- Data section
BEGIN

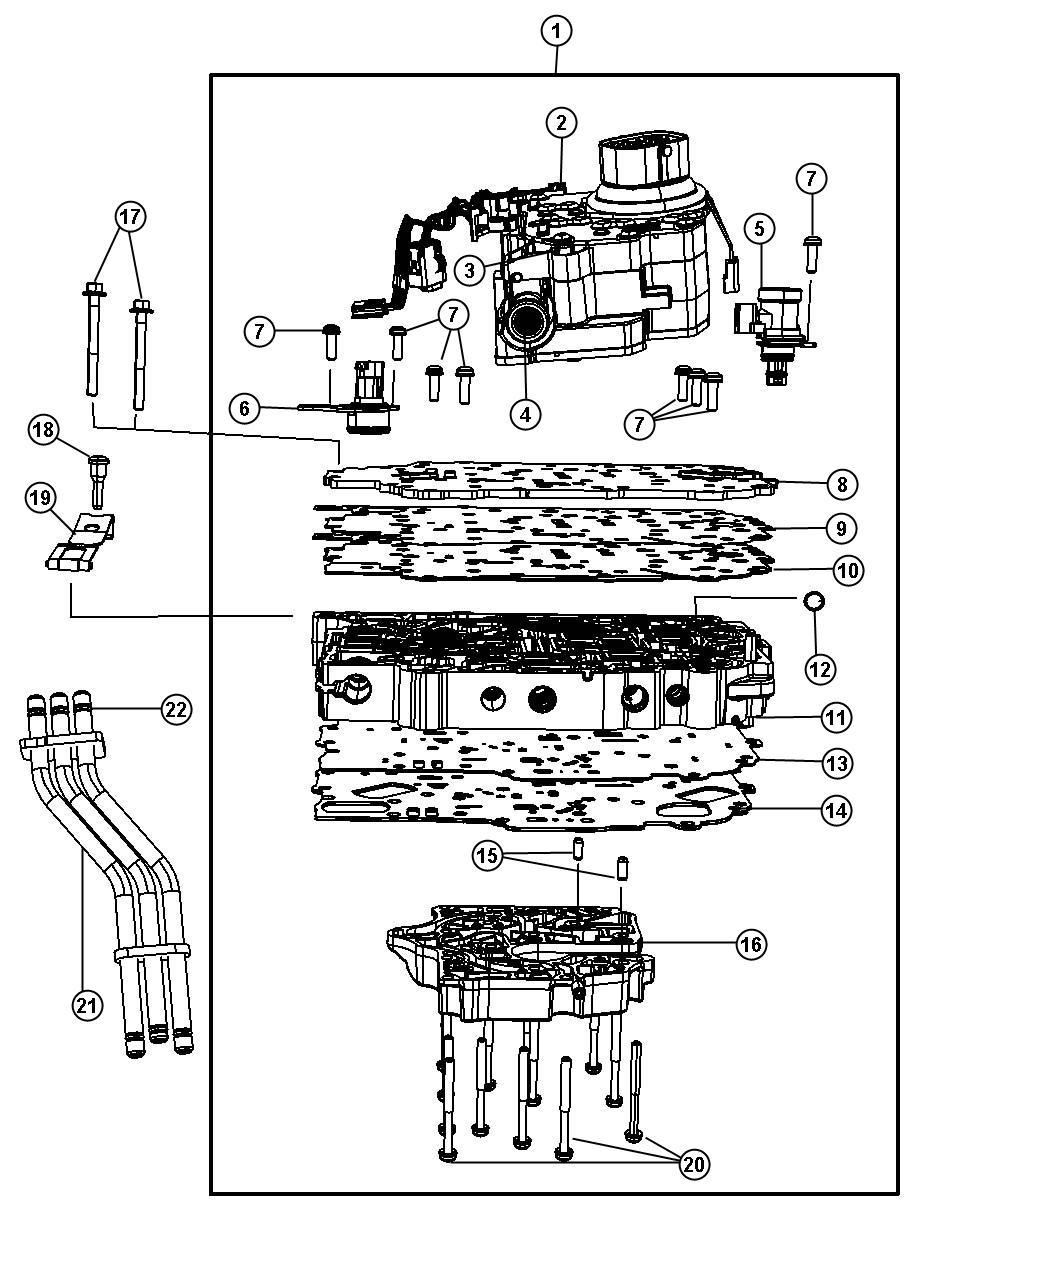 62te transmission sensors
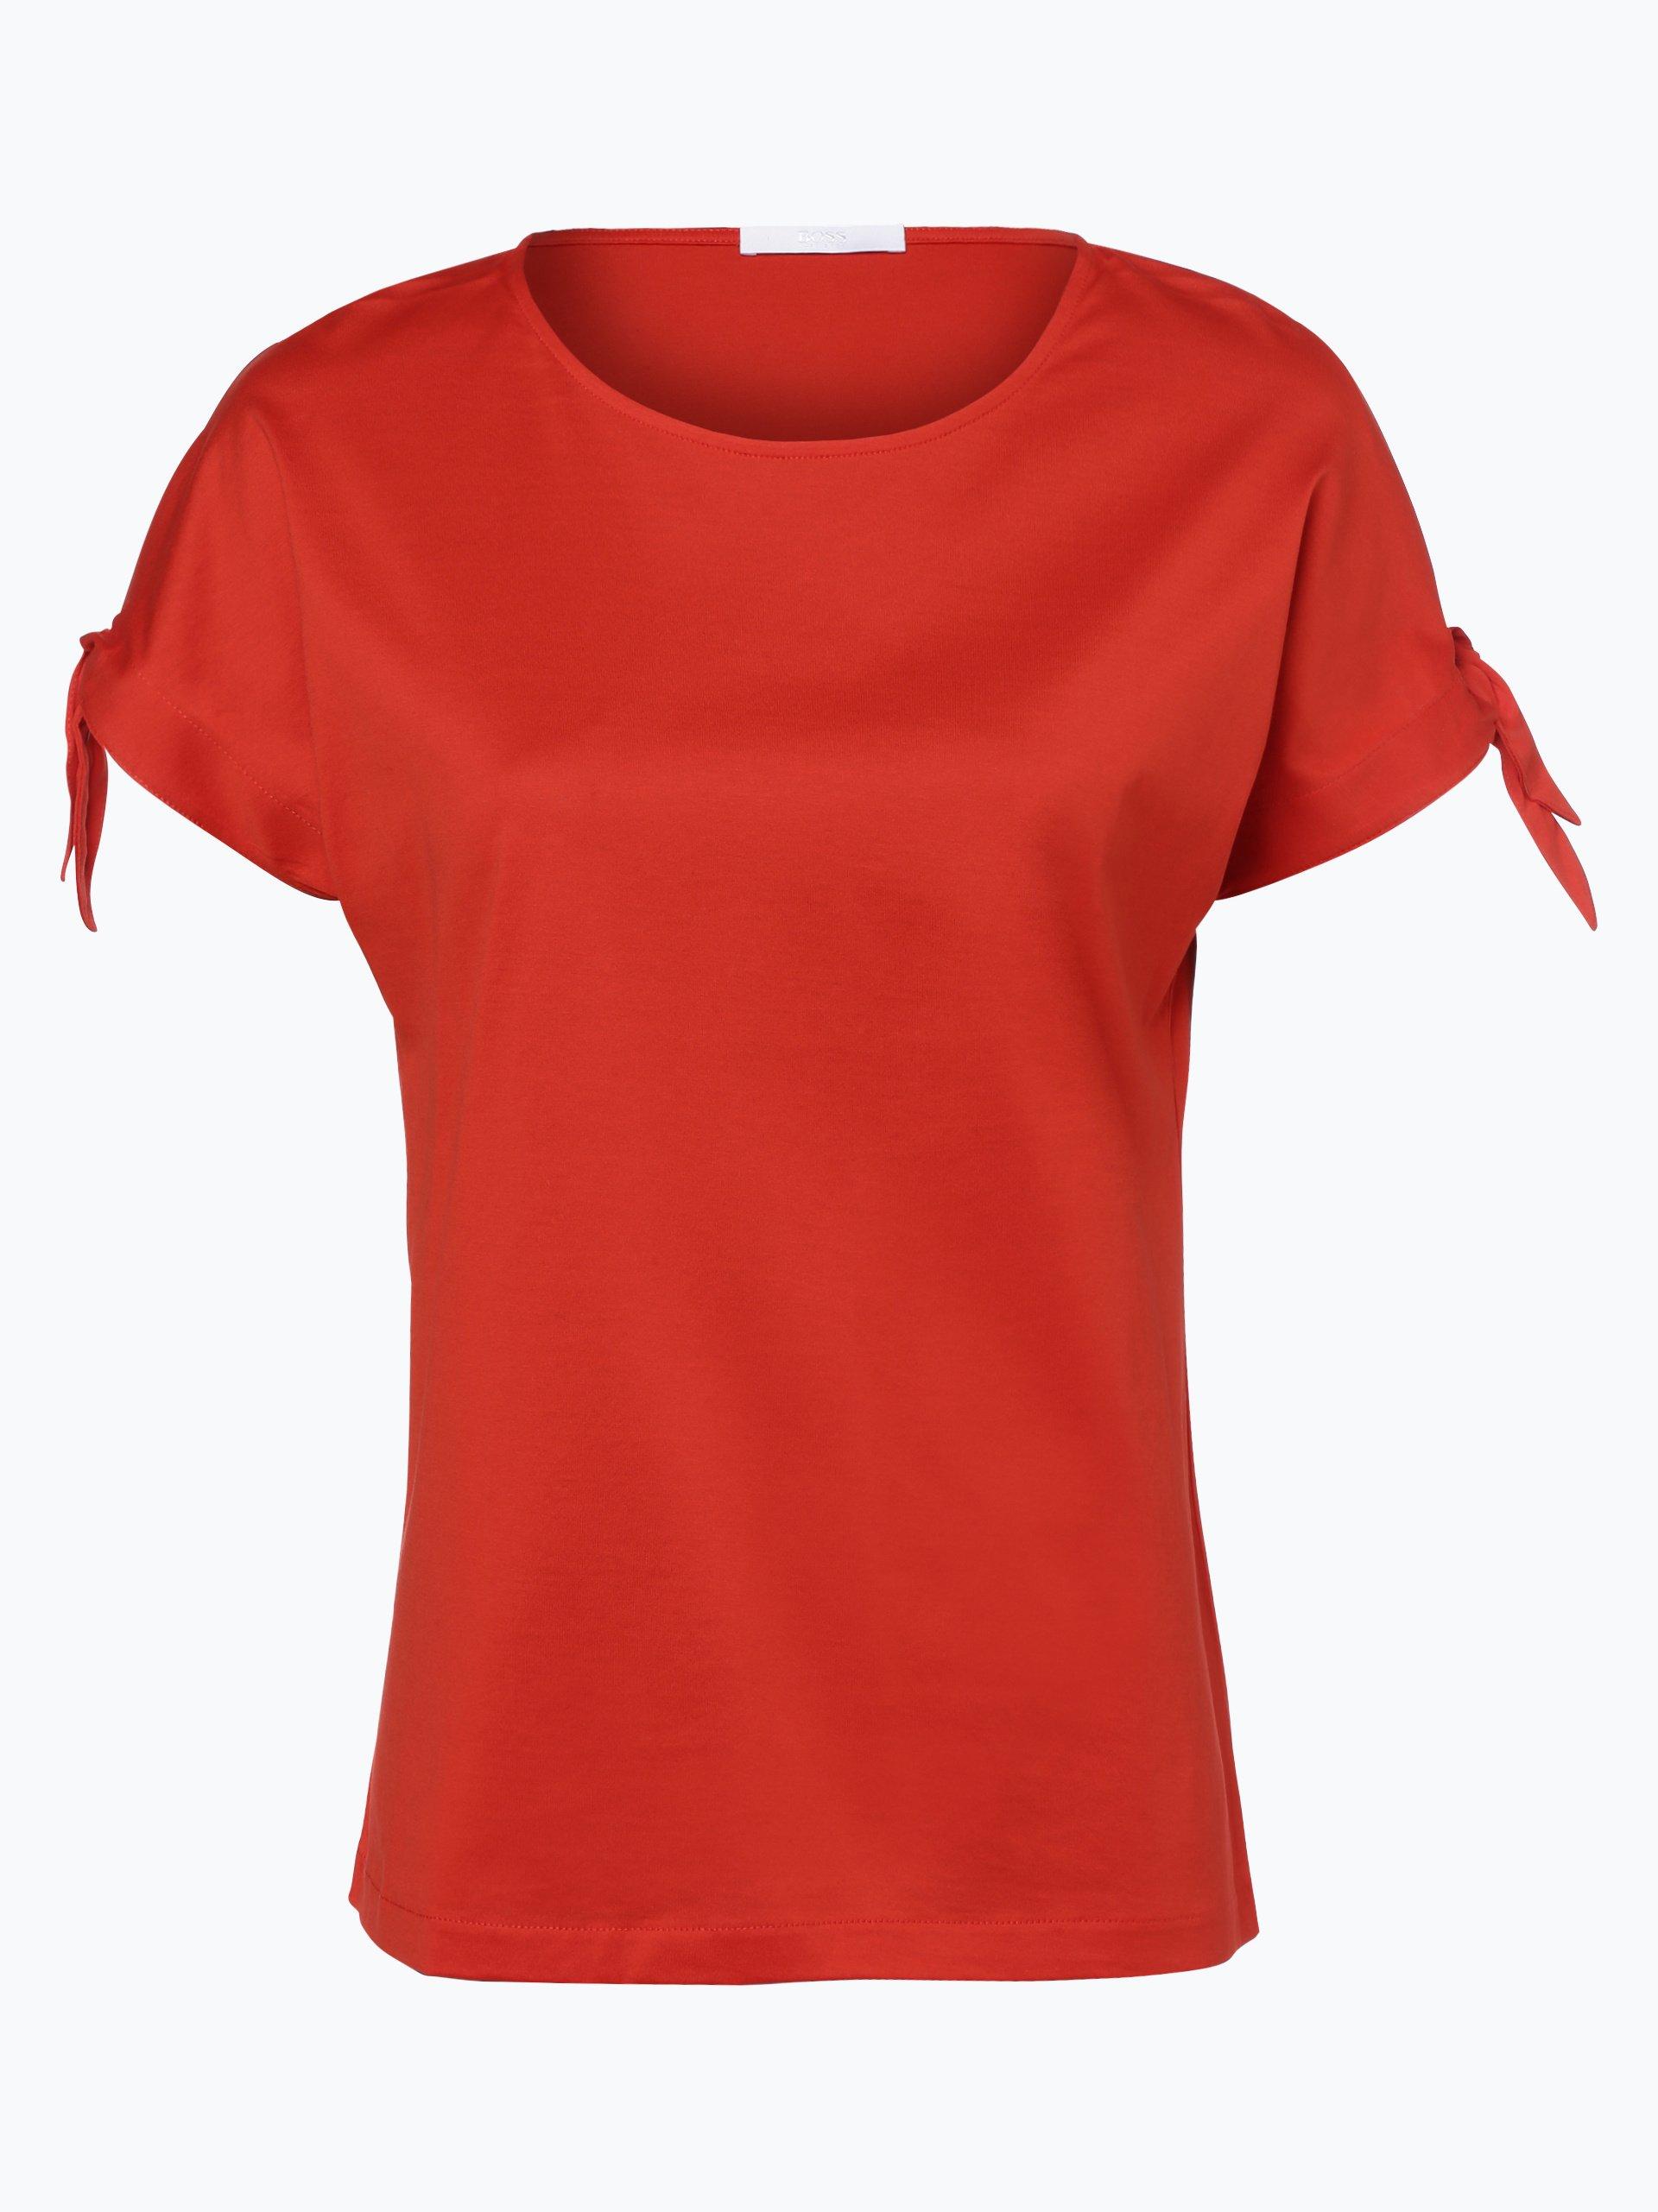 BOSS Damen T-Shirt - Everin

END
BEGIN

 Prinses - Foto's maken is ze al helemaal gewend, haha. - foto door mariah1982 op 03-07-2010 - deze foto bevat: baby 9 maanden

END
BEGIN

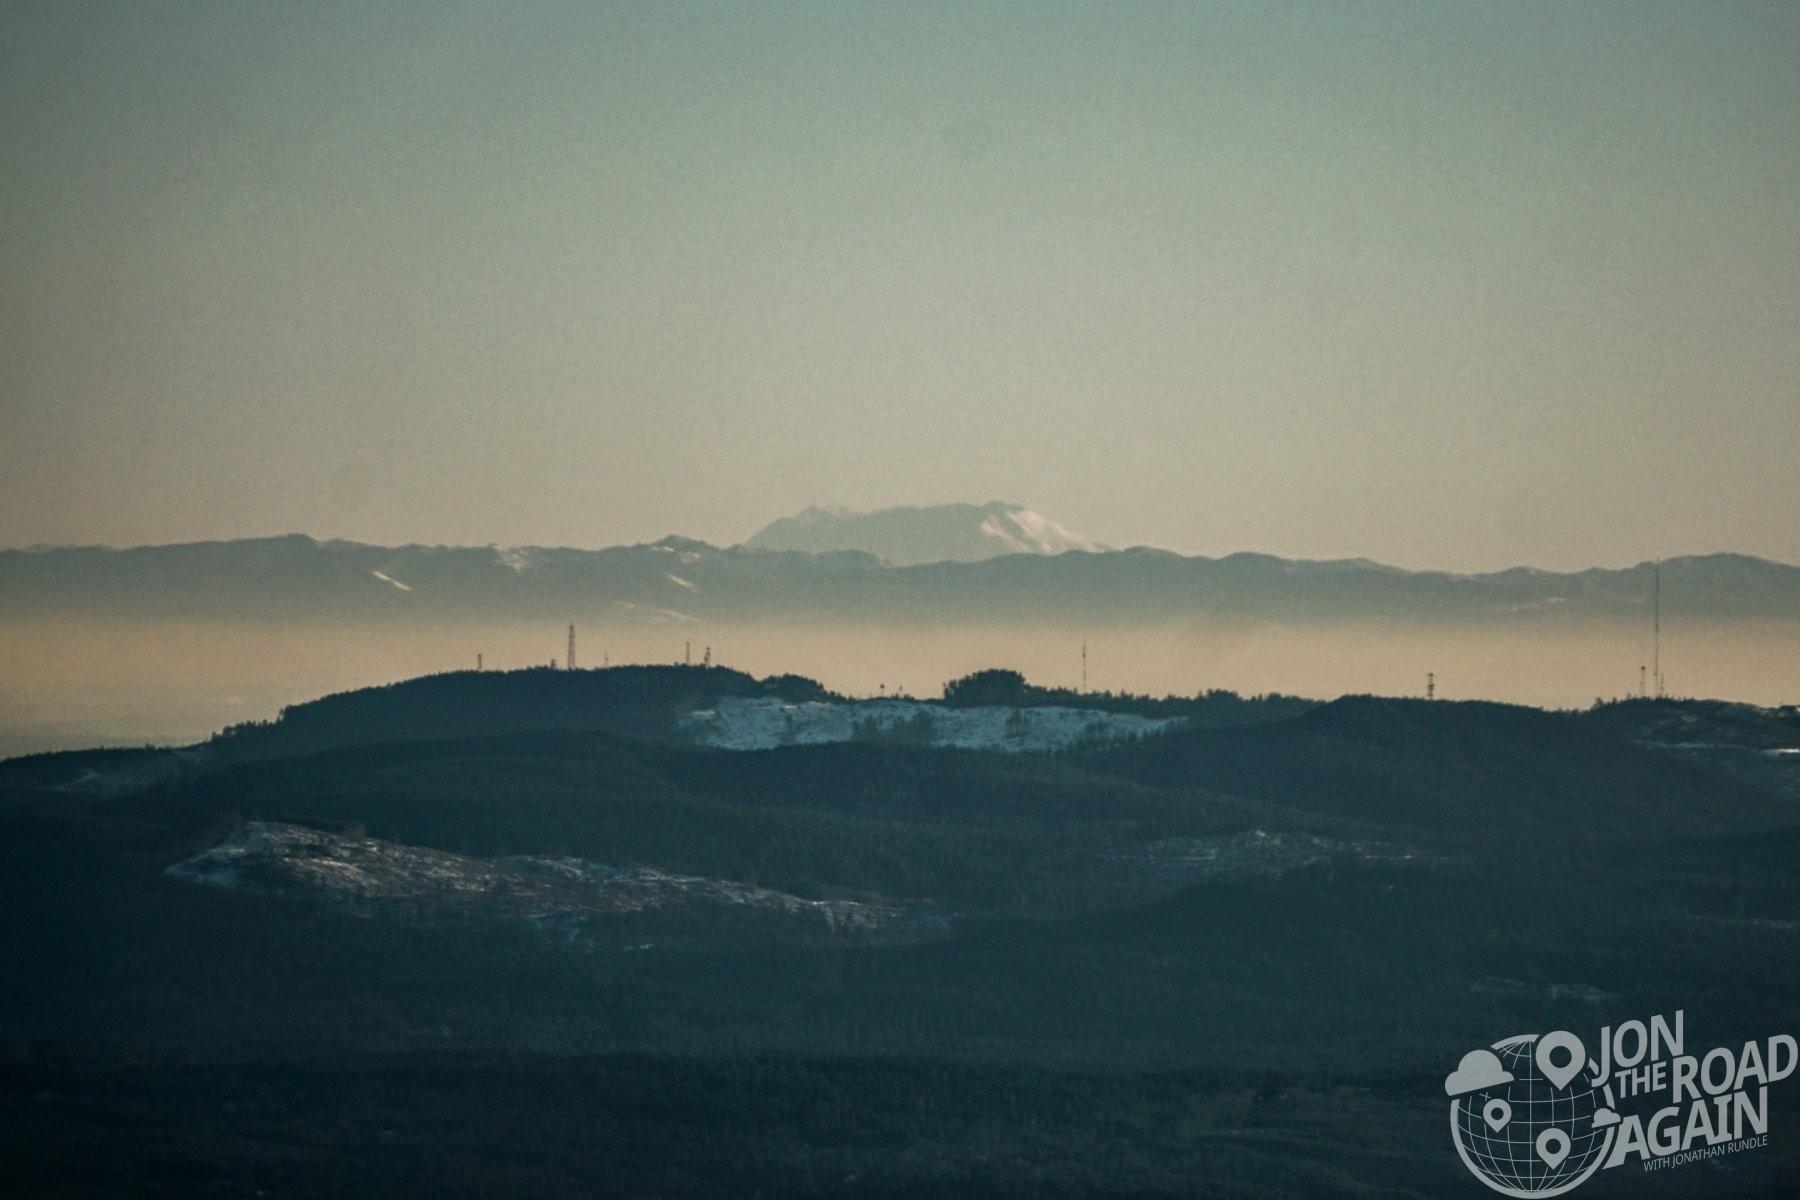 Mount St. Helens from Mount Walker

END

- Assigned task
From the entries above, copy exactly the lines starting at the one with "62te transmission sensors" and stopping at the one with "BOSS Damen T-Shirt - Everin", keeping both ends. Drop the pictures.

- Task output
 62te transmission sensors
 BOSS Damen T-Shirt - Everin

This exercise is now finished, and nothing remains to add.